Scientists have found that the speech recognition system of the largest companies handle the speech of black Americans is worse than light-skinned and men of African-Americans worse than women. This is due to African American English: worse than the algorithms tuned on the understanding of the peculiarities of pronunciation and intonation of the dialect, the authors of the work. Article published in the journal Proceedings of the National Academy of Sciences.
The speech recognition system should be accessible and universal. It is necessary to train the algorithms on samples of the speech of the people of all populations equally, but this is not always possible, and any kind of discrimination, which result from the irregularity of the initial data, become visible, and sometimes dangerous. So, some researchers have noted racial disparities in systems of face recognition, risk assessment in criminal justice, advertising on the Internet. There are suspicions about racial discrimination in speech recognition, because for each language there are many dialects and accents that affect the recognition quality.
Koeneke Allison (Allison Koenecke) from Stanford University and her colleagues assessed racial disparities in systems of speech recognition five companies: Amazon, Apple, Google, IBM and Microsoft.

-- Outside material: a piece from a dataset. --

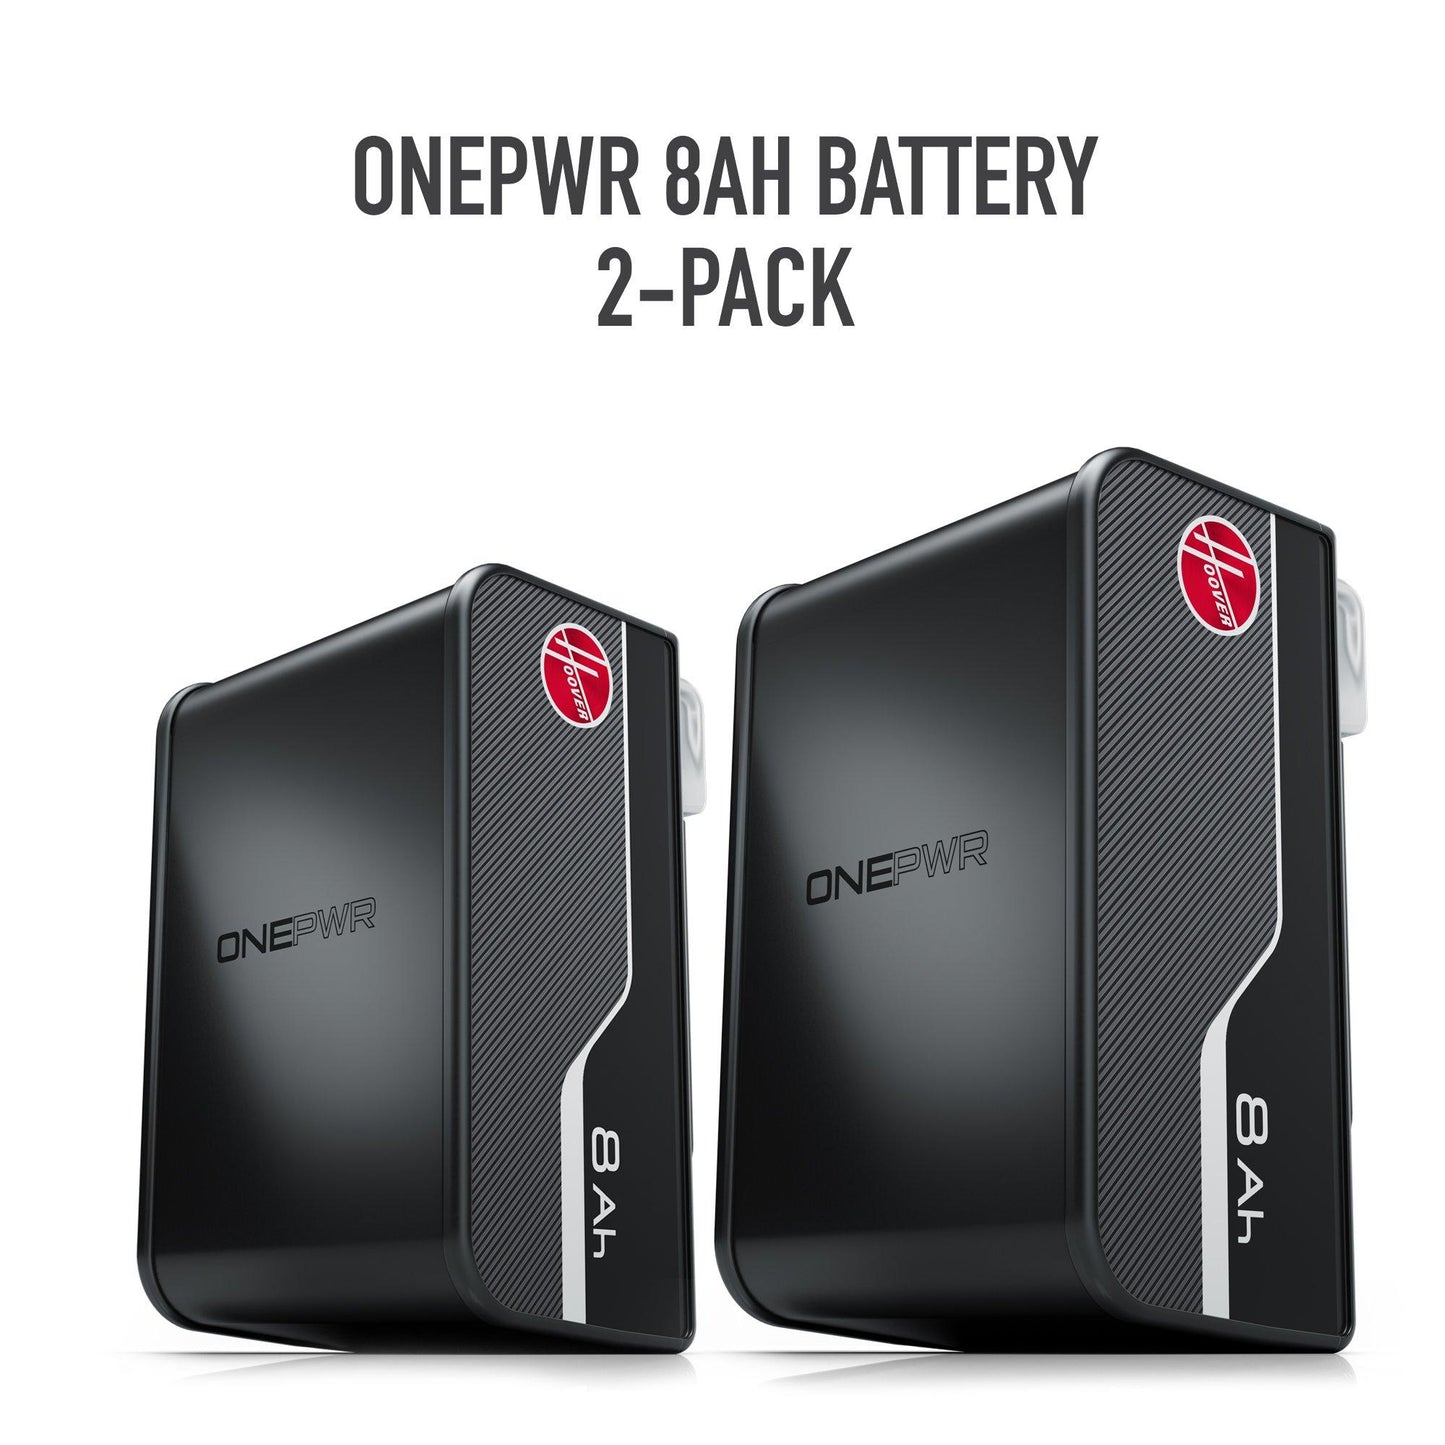 ONEPWR 8Ah Battery (Two-Pack)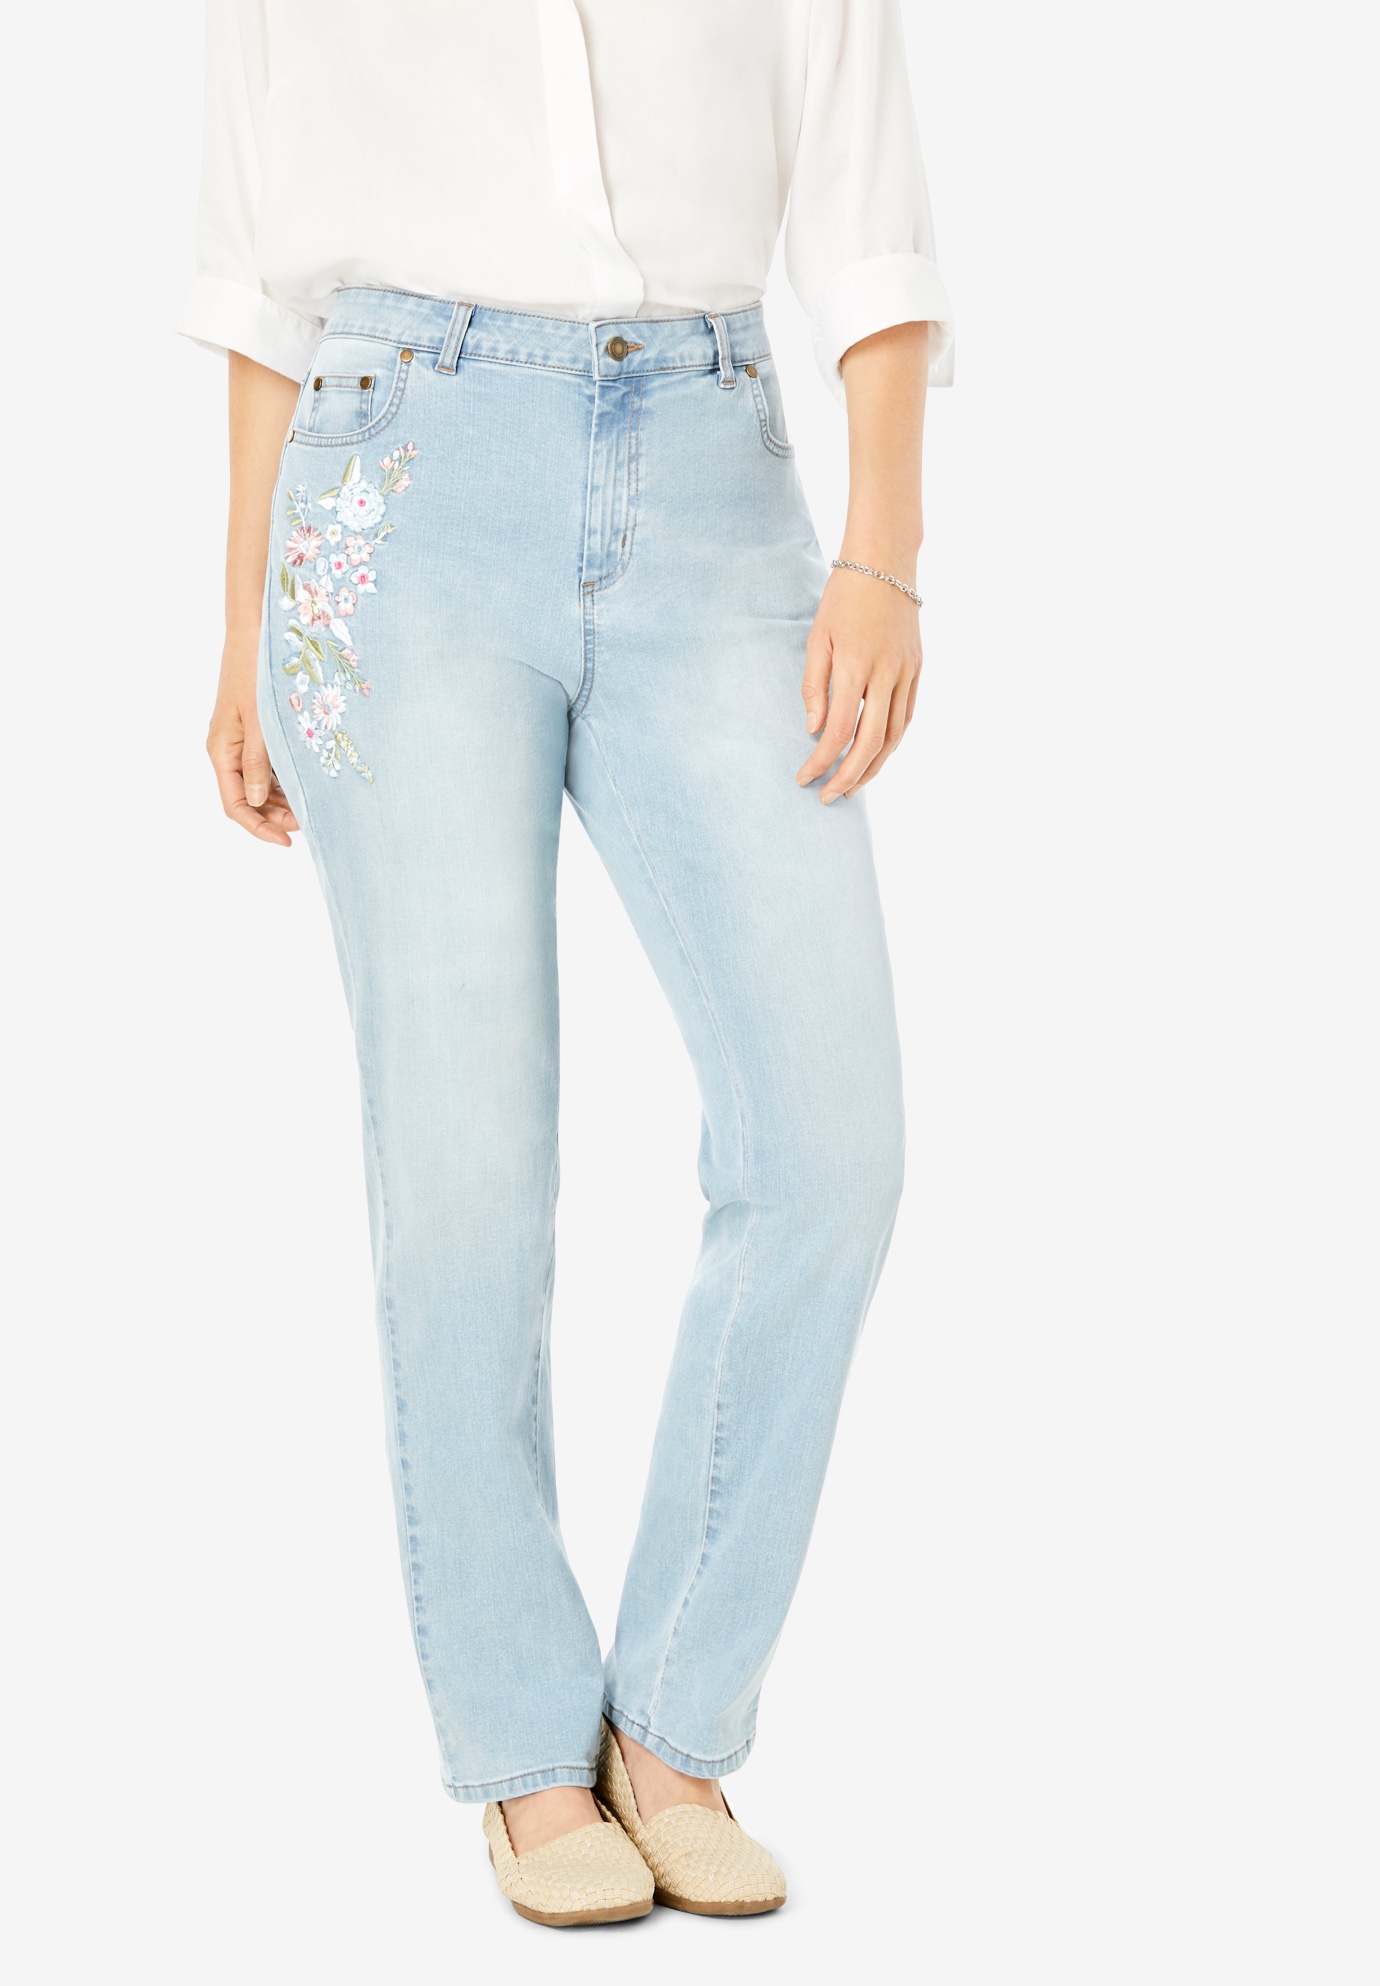 Straight Leg Stretch Jean, LIGHT WASH SANDED FLORAL EMBROIDERY

To this end, the algorithms are applied to samples of speech from the extensive collections of interviews of black and white Americans. The text that was the result of automatic recognition, compared with decryption experts, and estimate frequency error.
The researchers assessed how the level of recognition errors associated with dialect speakers. In the samples of speech counted the frequency of occurrence of phonetic and grammatical features of African American varieties of English.
To understand why racial inequality, tested two hypotheses. The first is that the speech recognition algorithms are configured on the vocabulary and grammar of standard English and African-American worse learn distinctive design. The authors estimated the number of words which were found in the samples of speech, but was absent in the dictionaries of the algorithms, and then compared the level of complexity of the language of speakers of different races. The speech recognition system predict each next word in a sentence, and the more surprising for them is the phrase, the less likely that the algorithm will correctly record it.
The second hypothesis — that the problem lies in the acoustic sensitivity of programs: the algorithm knows the words and lexical structures, but cannot hear them. To test this hypothesis, the researchers compared the recognition accuracy of identical sentences that were uttered by the people of different races.
The frequency of errors in speech recognition of African Americans was on average twice that of white women. It is concerned more black men (41 percent correctly recognized words), than women of 30 percent). On the chart of the distribution of the average frequency error of the difference are more pronounced: 25 percent of African Americans, the level of inaccuracies was higher than 50 percent. Less than two percent of the samples of the speech of white Americans has been recognized with such frequency errors.